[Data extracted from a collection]
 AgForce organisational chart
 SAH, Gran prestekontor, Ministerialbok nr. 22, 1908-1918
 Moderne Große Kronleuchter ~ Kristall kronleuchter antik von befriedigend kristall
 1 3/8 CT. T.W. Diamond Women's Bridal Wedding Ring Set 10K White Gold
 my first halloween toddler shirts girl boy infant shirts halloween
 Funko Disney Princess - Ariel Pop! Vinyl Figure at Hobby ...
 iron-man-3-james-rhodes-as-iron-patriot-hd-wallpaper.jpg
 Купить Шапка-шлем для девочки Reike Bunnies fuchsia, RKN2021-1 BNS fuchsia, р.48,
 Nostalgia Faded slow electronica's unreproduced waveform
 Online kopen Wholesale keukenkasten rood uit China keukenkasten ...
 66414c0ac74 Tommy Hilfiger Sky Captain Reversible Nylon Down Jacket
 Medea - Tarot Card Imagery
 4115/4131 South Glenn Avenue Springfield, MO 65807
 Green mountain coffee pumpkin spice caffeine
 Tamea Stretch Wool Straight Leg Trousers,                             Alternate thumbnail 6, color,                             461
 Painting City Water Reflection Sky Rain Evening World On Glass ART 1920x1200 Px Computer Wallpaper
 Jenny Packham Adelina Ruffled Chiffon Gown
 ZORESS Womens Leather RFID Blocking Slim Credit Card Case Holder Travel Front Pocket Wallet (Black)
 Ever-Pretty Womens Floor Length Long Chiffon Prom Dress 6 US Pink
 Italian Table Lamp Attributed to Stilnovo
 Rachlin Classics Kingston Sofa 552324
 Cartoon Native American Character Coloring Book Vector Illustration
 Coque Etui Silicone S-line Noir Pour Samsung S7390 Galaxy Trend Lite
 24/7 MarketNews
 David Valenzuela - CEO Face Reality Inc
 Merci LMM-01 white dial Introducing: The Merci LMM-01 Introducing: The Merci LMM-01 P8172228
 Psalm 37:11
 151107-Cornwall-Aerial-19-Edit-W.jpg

## Problem to work on
Would you please copy exactly the part of the entries above that begins at the line containing "my first halloween" and ends at the line containing "Nostalgia Faded slow", both lines included?

## Solution below
 my first halloween toddler shirts girl boy infant shirts halloween
 Funko Disney Princess - Ariel Pop! Vinyl Figure at Hobby ...
 iron-man-3-james-rhodes-as-iron-patriot-hd-wallpaper.jpg
 Купить Шапка-шлем для девочки Reike Bunnies fuchsia, RKN2021-1 BNS fuchsia, р.48,
 Nostalgia Faded slow electronica's unreproduced waveform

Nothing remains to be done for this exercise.